Furthermore, an important feature of P1B-ATPases is the presence of soluble metal binding domains (MBDs) that regulate transport activity [55]. The conserved structure characteristics of two cysteines (CxxC) of the HMA domain give HMA genes the basic function of binding metal ions through thiol groups [56,57]. P1B-type ATPases are capable of driving the efflux out of cells of both essential transition metal ions (e.g., Zn2+, Cu+, and Co2+) and toxic metal ions (e.g., Ag+, Cd2+, and Pb2+), contributing to their homeostasis maintenance [15,32]. Previous studies on members of the HMA gene family in Arabidopsis focused on heavy metal stress. Several genes, i.e., AtHMA4, AtHMA2, and AtHMA3, have been identified as Cd transporters involved in transporting Cd across the cell membrane and from the cytoplasm to the vacuole [10,11]. However, the molecular basis of HMA metal ion specificity remains unclear [58]. According to Smith et al. [8], HMA proteins appear to have functional roles in transporting manganese, iron, nickel, and other thiophilic heavy metals and metalloids such as arsenic. In plants, arsenic can easily enter through phosphate (P) transporters (arsenate) and aquaporin channels (arsenite), inhibiting plant growth and reducing crop yield [59,60,61]. After entering the plant, arsenic can be sequestered in the form of As-cysteine-rich peptides such as phytochelatins and then translocated into vacuoles mainly by ABC transporter subfamily C (ABCC) [62,63,64]. Nonetheless, different studies have reported alternative and independent arsenic transporters, such as the silicon transporters Ls1 and Ls2 that transport As (III) and the peptide transporter OsPTR7 associated with the translocation of methylated-As species in Oryza sativa [24,59,65,66].
Although HMA proteins have not been previously characterized in arsenic transport, transcriptomic analyses showed that P-type ATPase genes were upregulated in roots and shoots of the hyper-accumulator Pteris vitatta in response to arsenic, which implies the role of P-type ATPase in the translocation of this metalloid [35]. Additionally, vacuolar proteomics showed that P-type ATPases were highly abundant compared to other metal transporters under arsenic stress. Likewise, previous studies have also reported the participation of non-elucidated transporters for arsenic in Pteris vitatta when treated with a mix of Ag-As due to the inhibition of the entrance, translocation, and the enhancement of As tolerance when Ag and As are supplemented simultaneously; it is known that Ag transport and homeostasis across plant tissues are mediated via HMA proteins from the Cu/Ag clade [67,68]. However, metal homeostasis in plants must be regulated using several complex processes [54], and the collaboration of transporters in different tissues may play an important role in plant metal distribution [19].

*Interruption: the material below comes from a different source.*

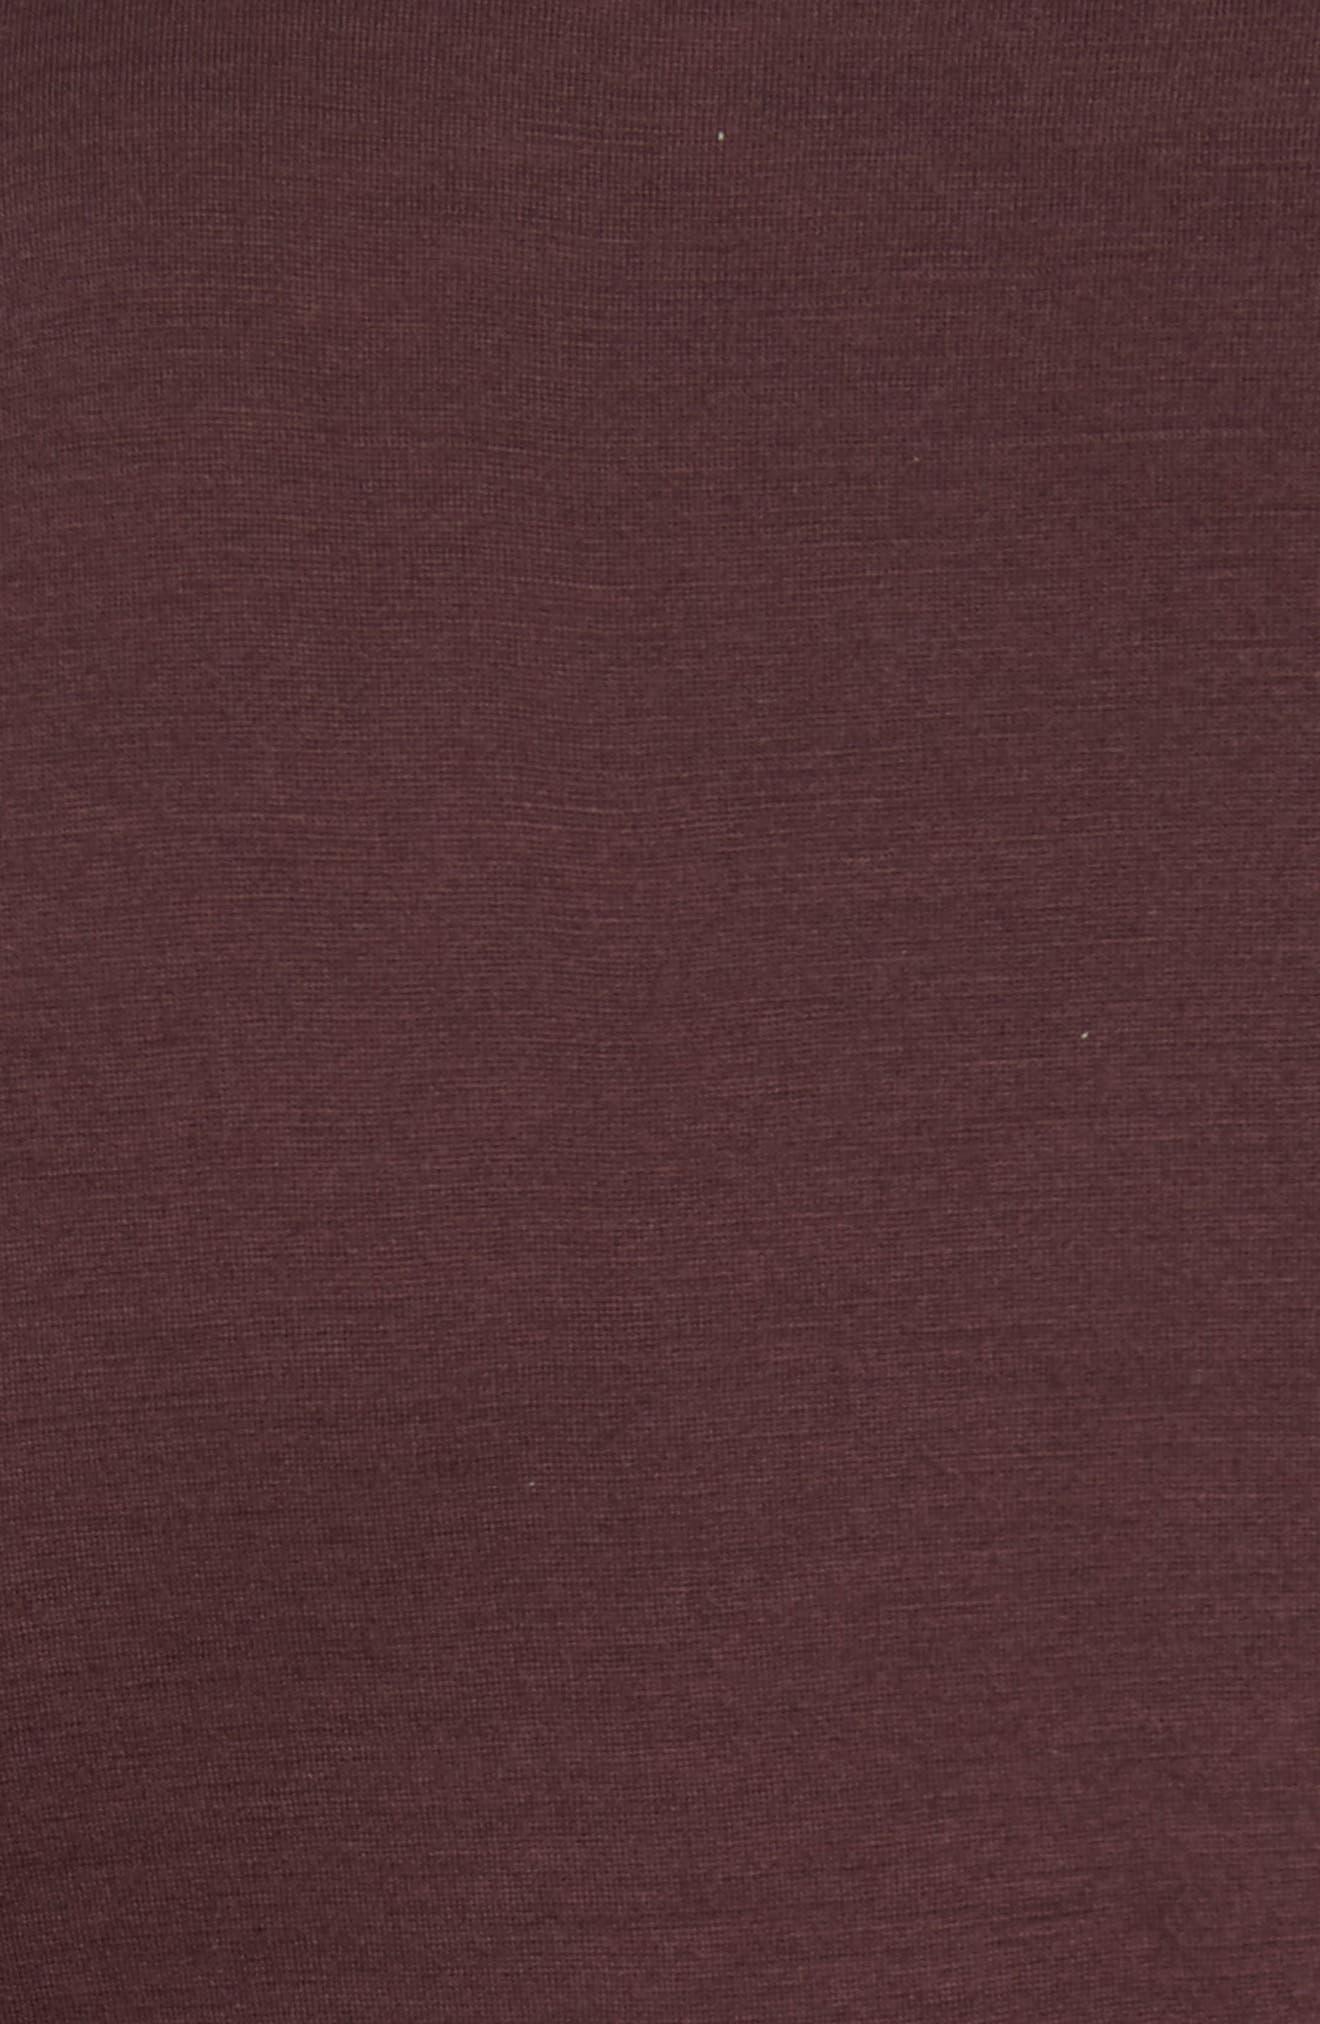 Mercerized Wool Long Sleeve T-Shirt,                             Alternate thumbnail 5, color,                             Hematite Red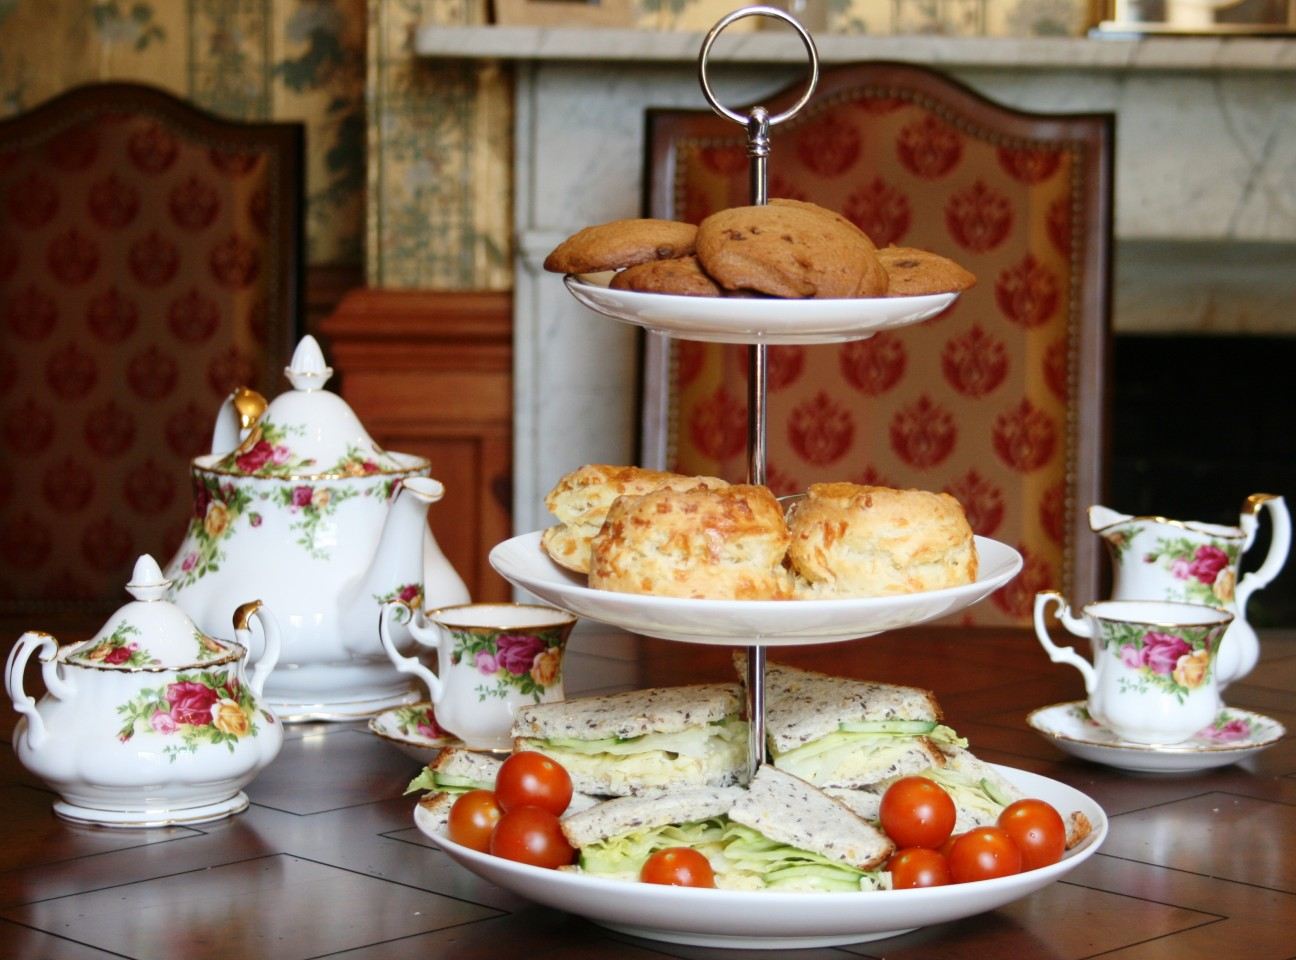 Afternoon Tea Kate Shrewsday

In order to understand the role of HMAs, we analyzed the gene expression levels from C. pepo genes (CpeHMA) in roots, leaves, and pollen from C. pepo under Cu treatments [42], a well-recognized HMA-related metal from proteins in the Ag/Cu clade, and arsenic stress in roots, leaves, flowers, and fruit. Under either Cu or As, genes that belong to the Zn/Co/Cd/Pb clade, CpeHMA2, CpeHMA4, CpeHMA5, CpeHMA9, CpeHMA10, CpeHMA11, and CpeHMA12, exhibited low to no expression levels in all tissues, whereas genes in the Cu/Ag clade such as CpeHMA3, CpeHMA6, CpeHMA7, CpeHMA8, and CpeHMA14 in the Cu treatments and CpeHMA3, CpeHMA6, CpeHMA8, and CpeHMA14 in the As treatments were highly expressed. CpeHMA6 showed a high upregulation in leaf tissue under Cu treatment and in root and flower tissues under As stress. It was observed from the phylogenetic tree that CpHMA6 is orthologous to AtHMA8 from Arabidopsis, which is related to the Cu transport through the thylakoid membrane [69,70,71]. Cu is an essential metal due to its function as an enzyme cofactor for a number of physiological processes [72]. Nevertheless, As (V) can act as a P analog in the phosphorylation process that occurs in the thylakoid membrane, leading to the disruption of the ATP production process and thus threatening the energy homeostasis of the cell [59,73].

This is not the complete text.